Ebolavirus Vaccines for Humans and Apes


Ebolavirus Vaccines for Humans and Apes

Hugues Fausther-Bovendo et al. Curr Opin Virol.


Because of high case fatality proportions, person-to-person transmission, and potential use in bioterrorism, the development of a vaccine against ebolavirus remains a top priority. Although no licensed vaccine or treatment against ebolavirus is currently available, progress in preclinical testing of countermeasures has been made. Here, we will review ebolavirus vaccine candidates and considerations for their use in humans and wild apes.


Figure 1
Figure 1. Impact of vaccination of bats or apes on human Ebola outbreaks
A-Vaccination of apes could prevent human outbreaks caused by NHPs to human transmission but is associated with logistical and ethical challenges. An alternative approach would be to vaccinate bats to protect both humans and wild apes from ebolavirus outbreaks.
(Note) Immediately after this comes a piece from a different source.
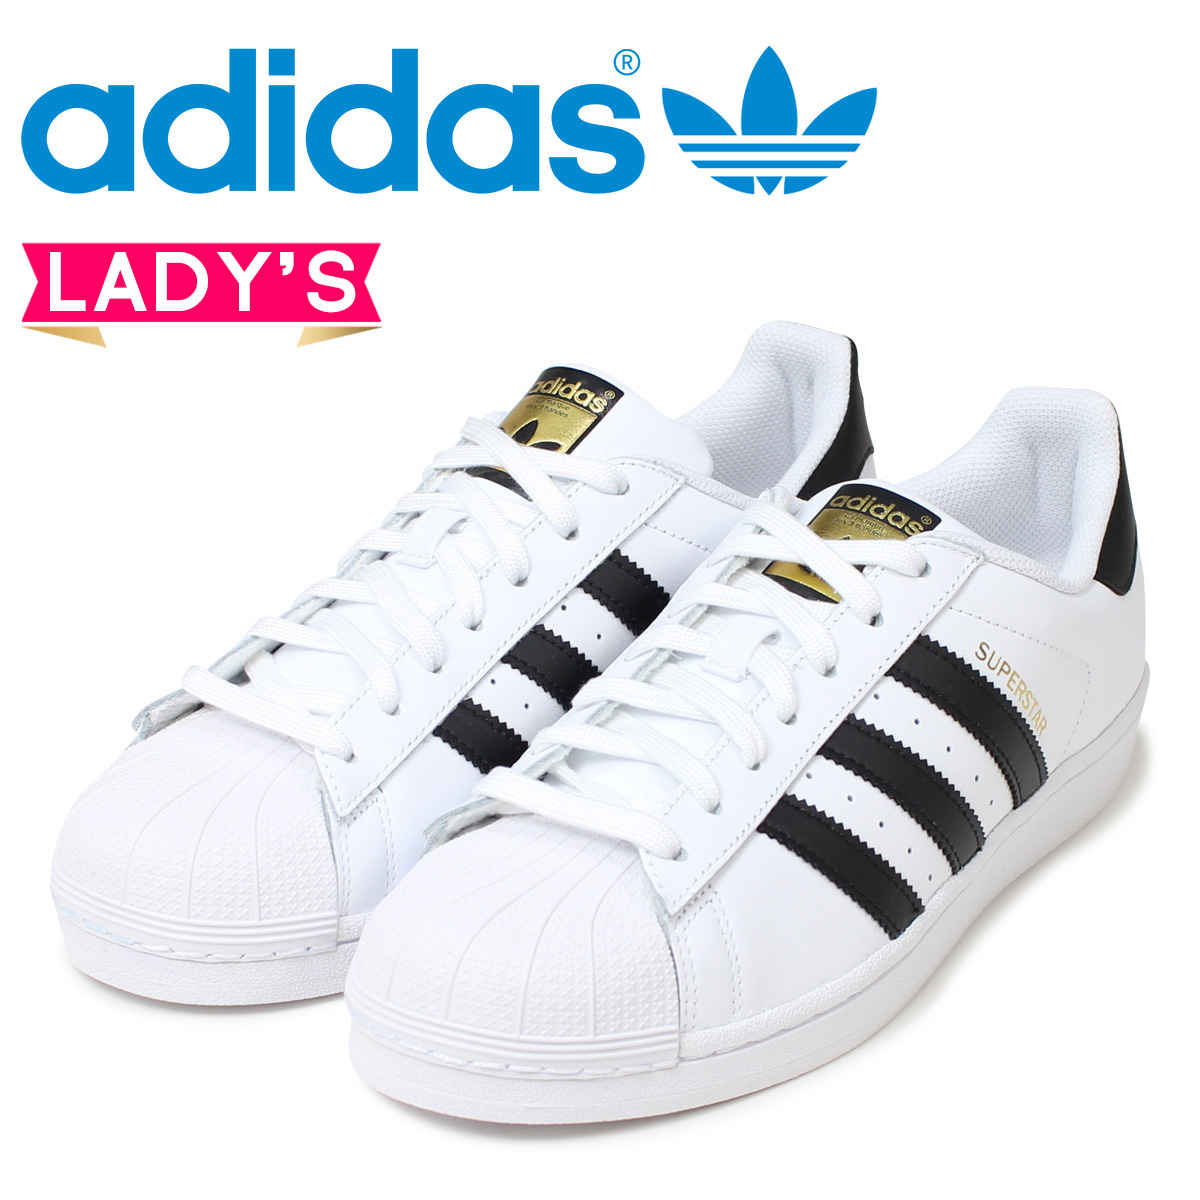 adidas Originals Adidas originals superstar women sneakers Lady's SUPERSTAR W C77153 shoes white black [198]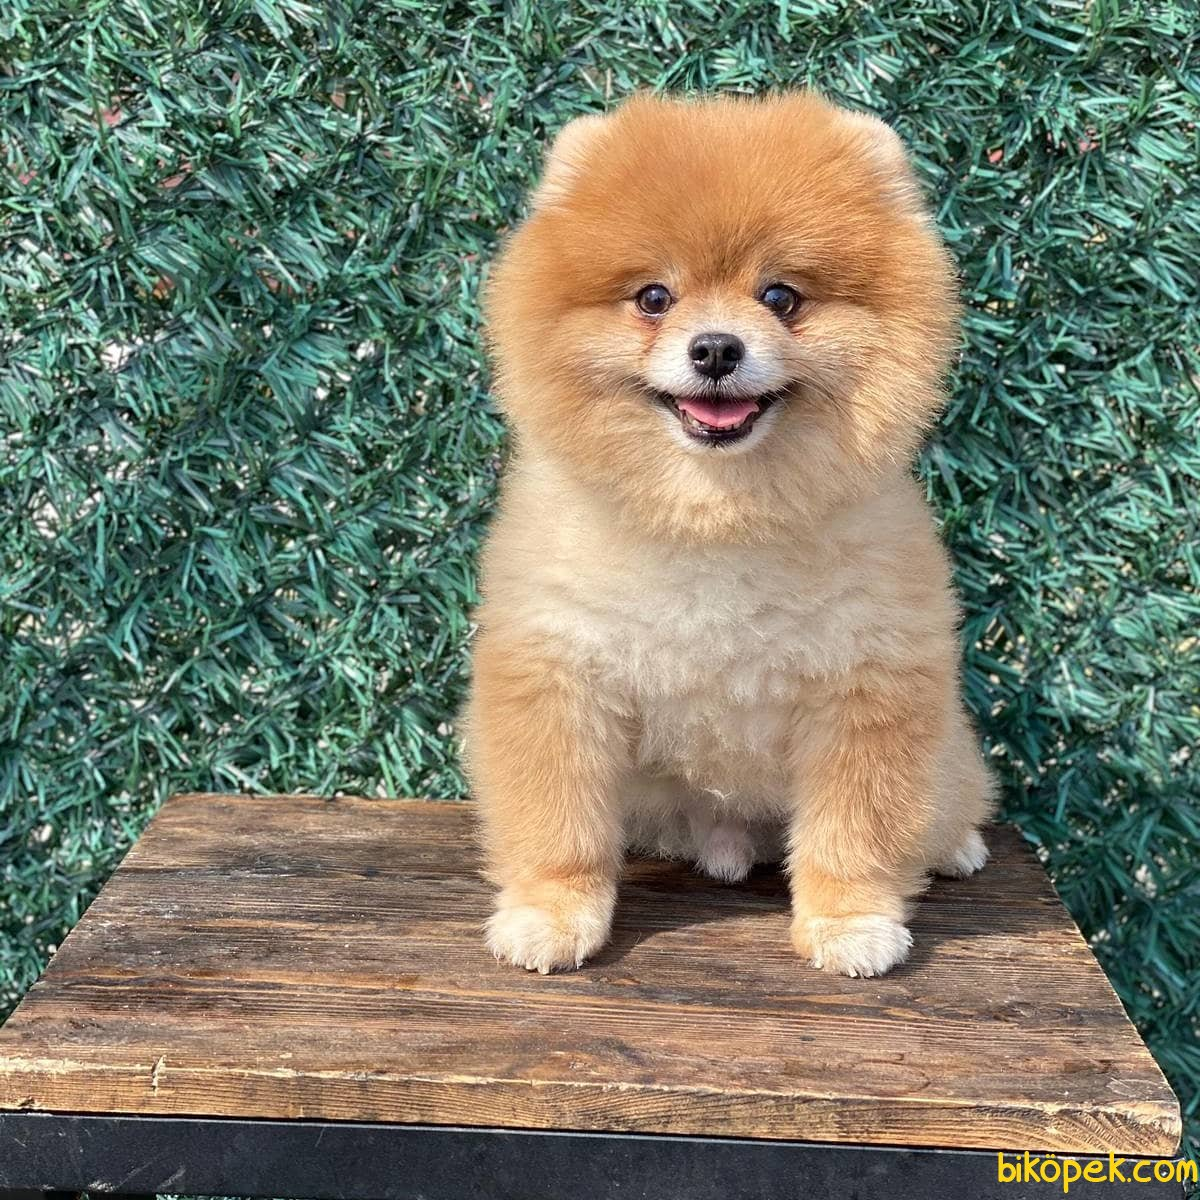 Scr Belgeli Orjinal Pomeranian Boo 3

B-Unlike strategies for apes that would need to be vaccinated individually, broad-based bat immunization could be achieved through the use of carrier bats whereby (1) bats are captured and a vaseline formulation containing the Ebola vaccine is applied prior to release. (2) Close contact between carrier bats and other bats in the targeted colony results in (3) spreading of the vaccine which is then ingested when bats clean themselves.